Par instants, les femmes jettent les livres, font voler les papiers...(DR)
Un humour décalé
Si elle a reçu une formation classique, Maria La Ribot a su néanmoins bouleverser les codes de la danse et de l'art chorégraphique, et briser les carcans pour s'inventer un monde nouveau. D'abord en Espagne puis en Europe. Pour cette artiste espagnole (atypique) installée en Grande-Bretagne pendant dix ans et désormais en Suisse, ses travaux sont une perpétuelle recherche de l'art conceptuel. Un art hybride qui se nourrit des différentes disciplines artistiques contemporaines et naît souvent d'une idée pour se répandre en différentes formes.
Ne pas essayer de trouver un message ni de réagir avec des a priori, mais se laisser emporter par cette création et cet univers ludique. Car la suite du spectacle est encore plus drôle, plus excentrique, plus déjantée. Trois femmes s'installent devant une grande table recouverte d'objets divers qu'on a aperçus au préalable dans le film (trompette, revolver, gâteau aux fraises, ou posters et livres).
Marie-Caroline Hominal (danseuse régulière de la compagnie de Gilles Jobin) et Delphine Rosay entourent la chorégraphe madrilène. Leurs mouvements au ralenti, leurs lectures à haute voix de textes absurdes sans lien aucun, leurs chutes et faux pas (chères à La Ribot) finissent par installer une complicité qu'on a quand même devinée auparavant.
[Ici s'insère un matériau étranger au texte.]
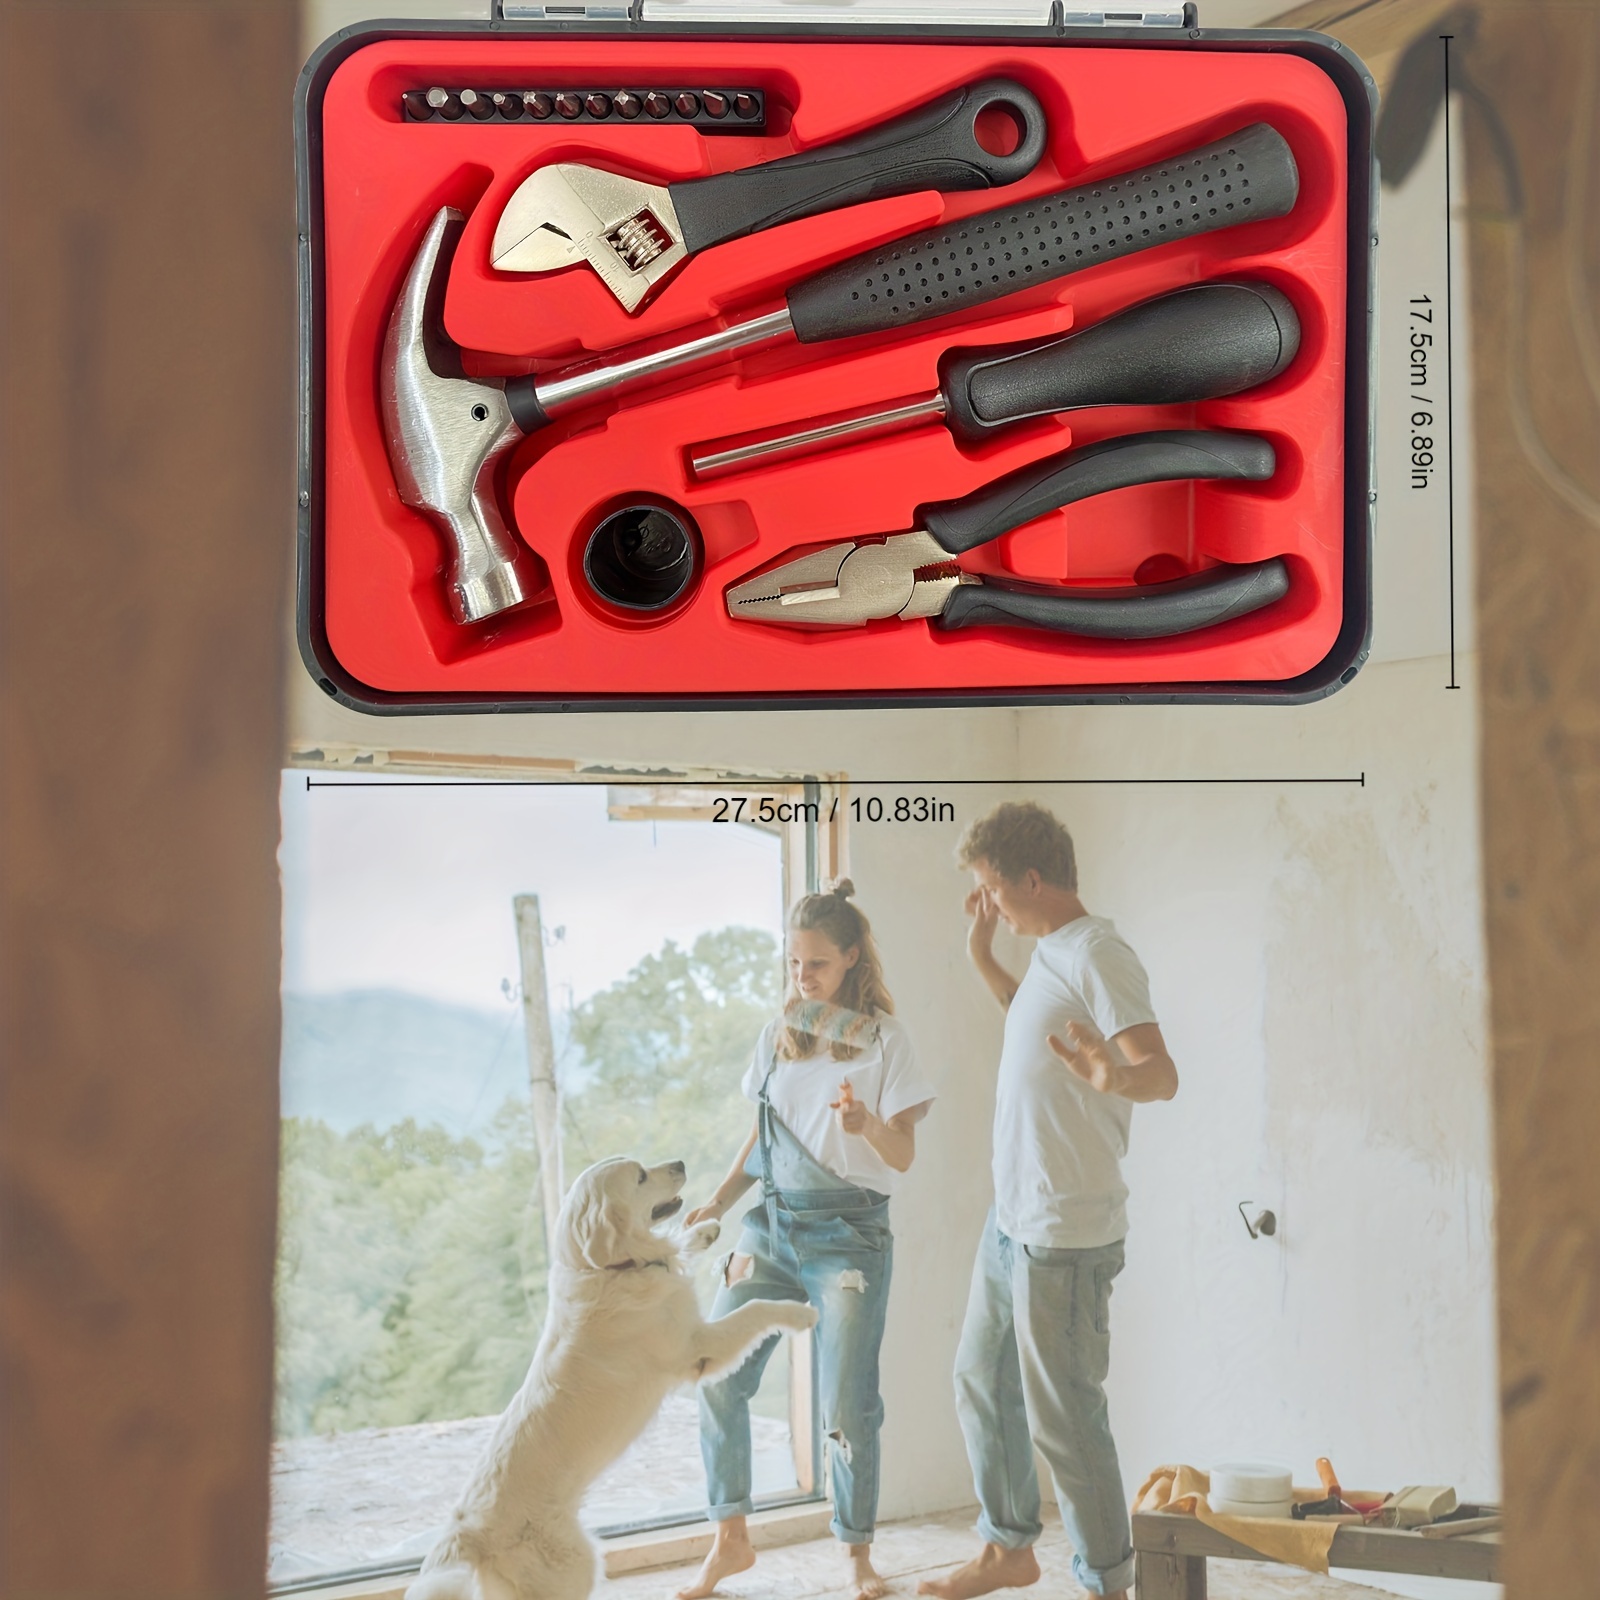 FIXA 17-piece tool kit - IKEA

Par instants, les femmes jettent les livres, font voler les papiers avec une nonchalance hilarante, décident de sortir mais retournent sur leurs pas. Il ne faut pas chercher à comprendre le pourquoi de leurs gestes ou leur finalité, mais le comment. Car ces actions plus qu'ordinaires et qui n'ont rien de spectaculaire, ces chuchotements et ces regards toisés ne sont finalement que gestes chorégraphiés et élaborés avec justesse et précision. Le va-et-vient des danseuses perchées sur leurs hauts talons fait penser à cette phrase tirée de l'œuvre de François Truffaut L'homme qui aimait les femmes : «Les jambes des femmes sont des compas qui arpentent le globe terrestre en tous sens, lui donnant son équilibre et son harmonie.» Ce soir, les jambes de ces trois artistes féminines ont tracé comme un arc de cercle entre les diverses figures d'art. Un tracé servi avec humour et dérision.